With a 4000'+ snow level forecast, we headed for Mount Rainier. We skied from Paradise up Mazama Ridge last April. Today we decided to go back to Mazama via the Narada Falls trailhead. Gary has done this trip a number of times but it was my first. The trailhead is at about 4600'. It was midway between lightly raining and snowing. The first half mile is through trees up to the road. Not too bad skiing up but requiring a bit of skill to descend. From the road we turned right heading towards Reflection Lakes. The snow was much more consolidated than I was expecting. A WTA report from only a few days earlier noted thigh deep snow. Skiing south on the road was a breeze. When the road turns east the conditions changed. Snow covers the road at a steep angle. Steep enough that I looked right at times and could not see the bottom of the slope. Hmm... so this is an easy road tour. This went on for a considerable distance then leveled out. We skied on to and across Reflection Lakes and to the Louise Lake overview. After the lakes there were no tracks at all. That was a nice treat at such a popular spot.
Now the work began. We began ascending up the ridge through meadows and forest. The route was great even with touring skis and no skins. The snow was very well consolidated and made for good climbing. As we rose up Mazama Ridge we moved into the clouds. Visibility dropped dramatically. Further up the ridge we met snowshoe and ski tracks coming up from the Paradise Road. This would be our route home. The ridge is a great place for ski touring. We continued higher following the obvious tracks. A group of skiers passed us heading down the ridge. It was nice to have seen so few people on the way up. The visibility continued to decline. I had a tough time sees ahead as the snow and sky blended together. It was a battle stayng on my feet as small dips were tough to notice. At the end of the ridge it was time for lunch before the descent. Thankfully, the wind was light making lunch very enjoyable.

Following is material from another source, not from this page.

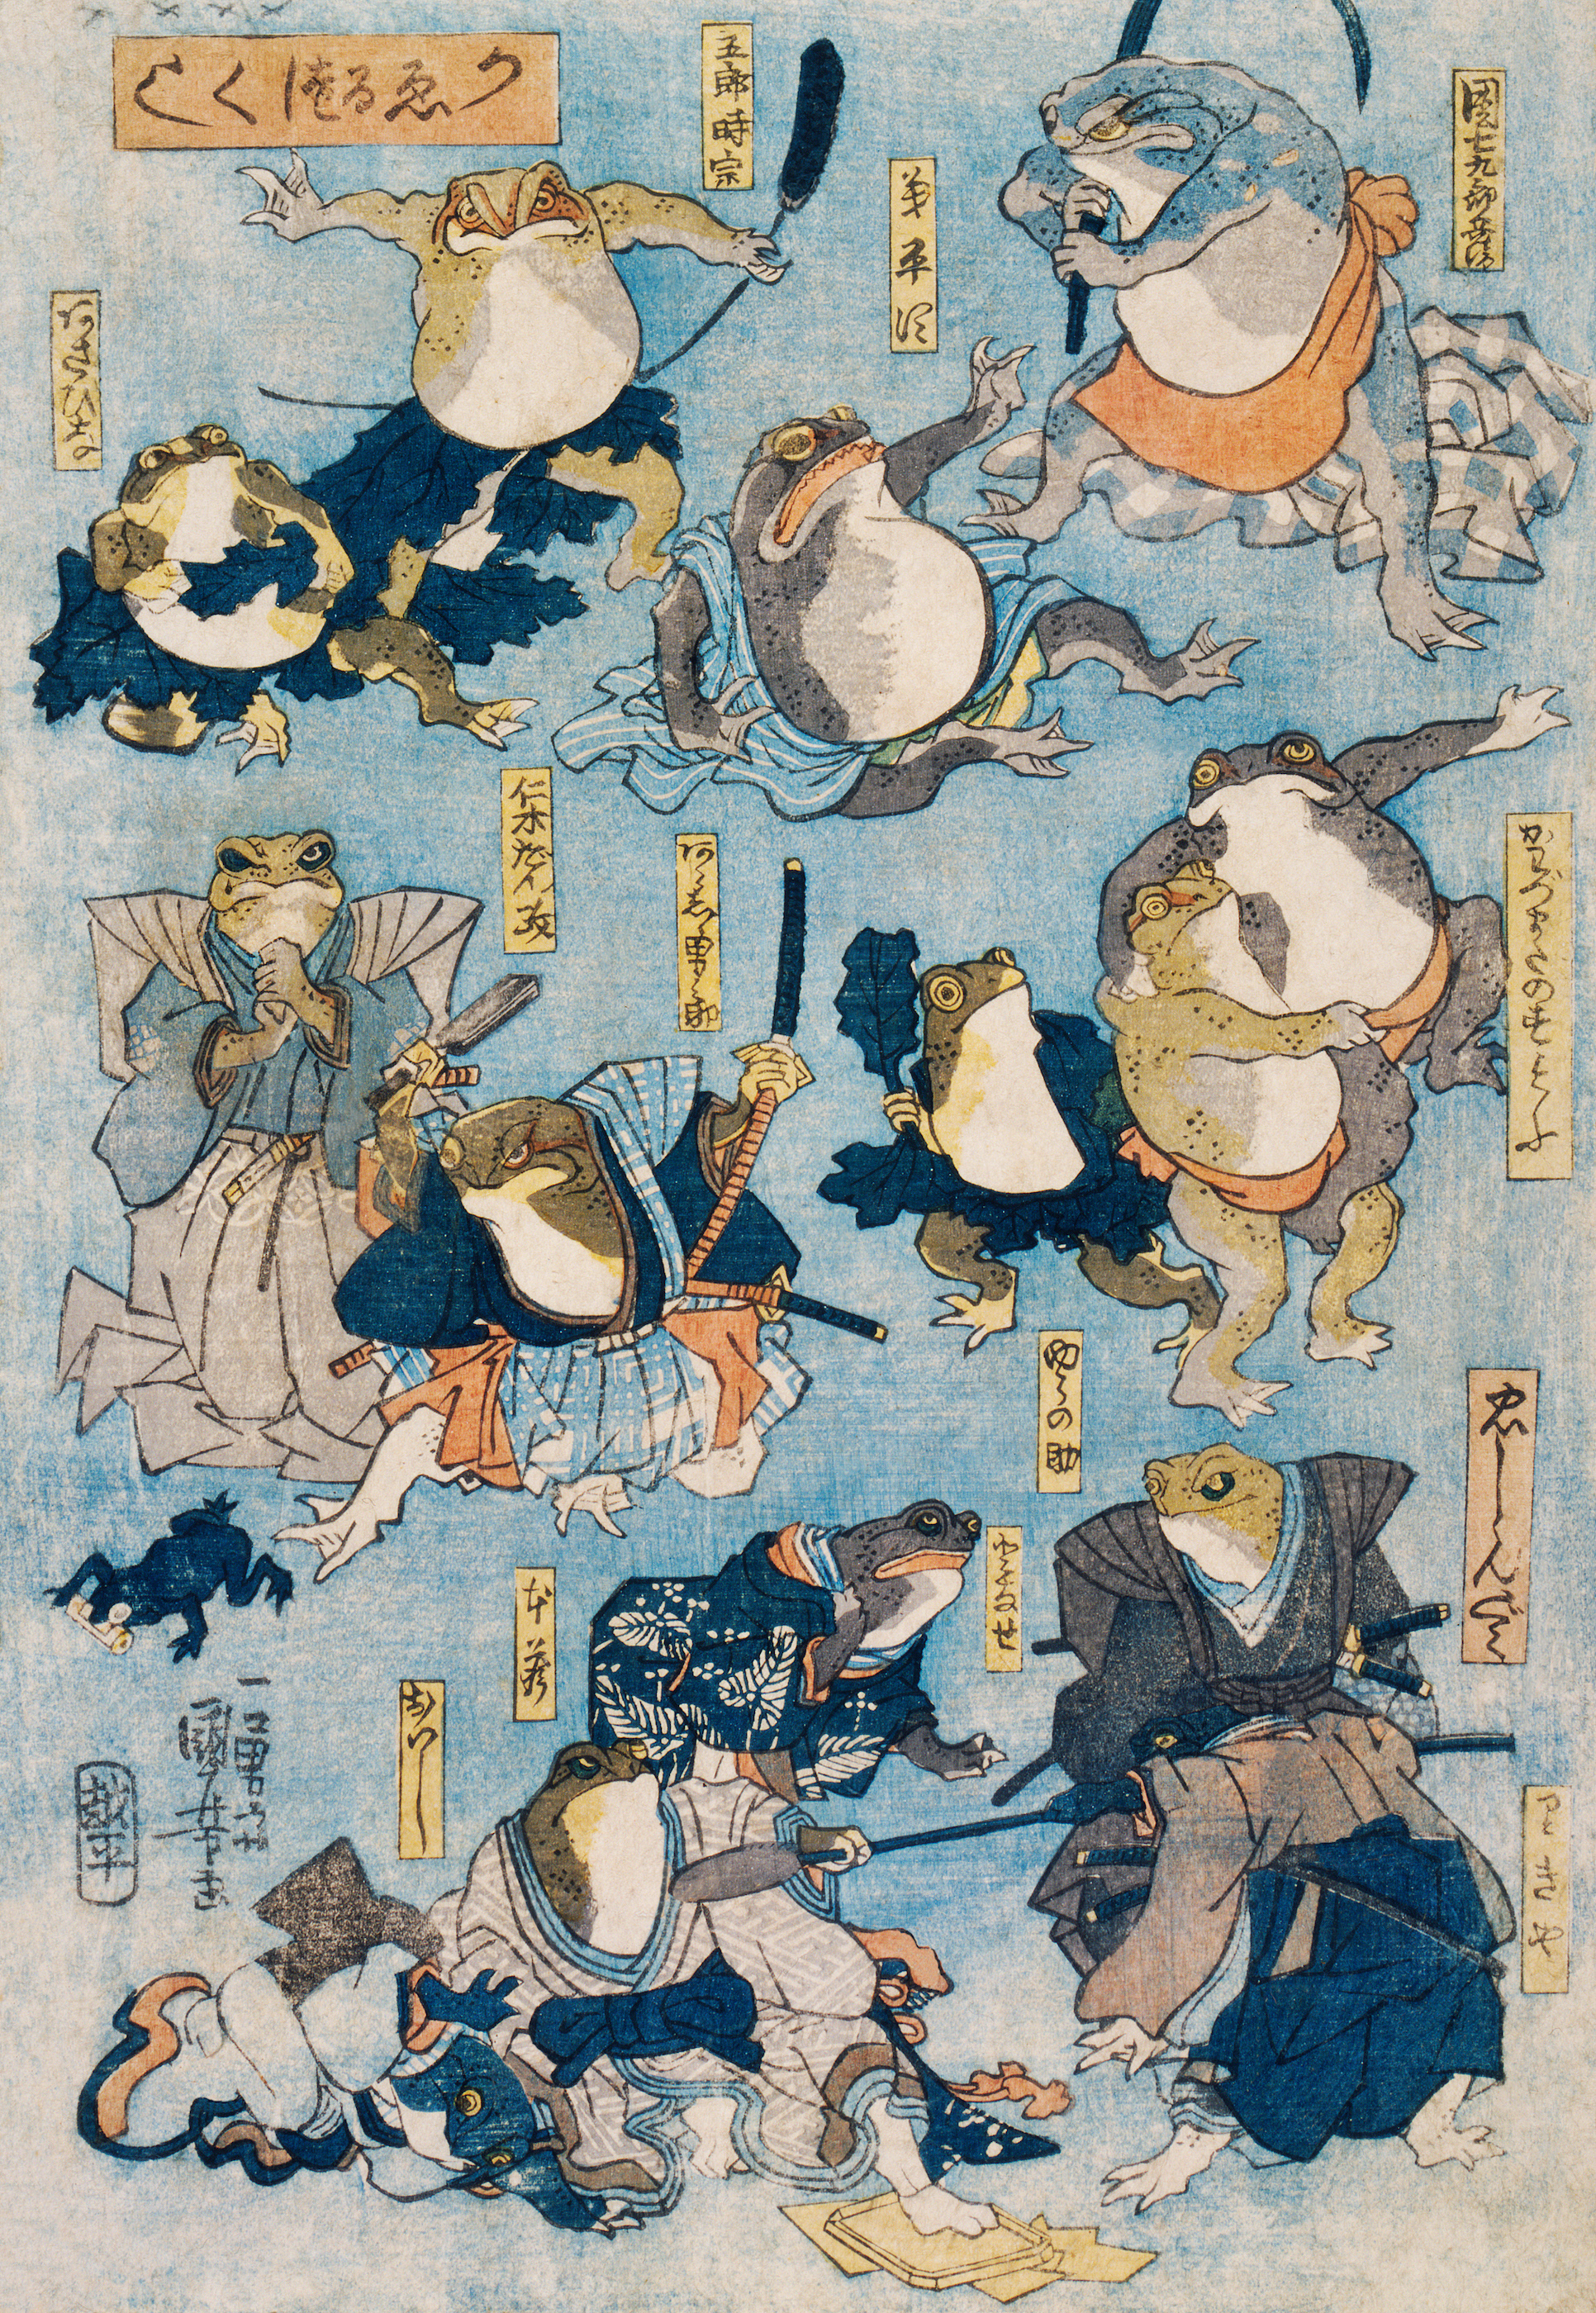 Słynni bohaterowie sceny kabuki grani przez żaby by Utagawa Kuniyoshi - ok. 1875

I had planned to ski back down the ridge to where it rapidly descends to the road. From there I was going to snowshoe back to the car. The combination of lack of visibility and lack of skill convinced me I was better off snowshoeing all the way back. Gary had a chance to practice telemark turns on the gentle slopes and I had the chance to avoid lots of bruises. Thanks to the existing snowshoe tracks the way down was fairly easy. I still had trouble seeing them right in front of me at times. As we descended visibility improved rapidly. When we met up with our ascending tracks we turned right and followed the well used track down. On snowshoes the steep descent to the road was fun. From the road it was only another half mile to the Narada trailhead.
For a late season trip the conditions were very good. 225 inches of snow is very impressive. It makes for some great touring.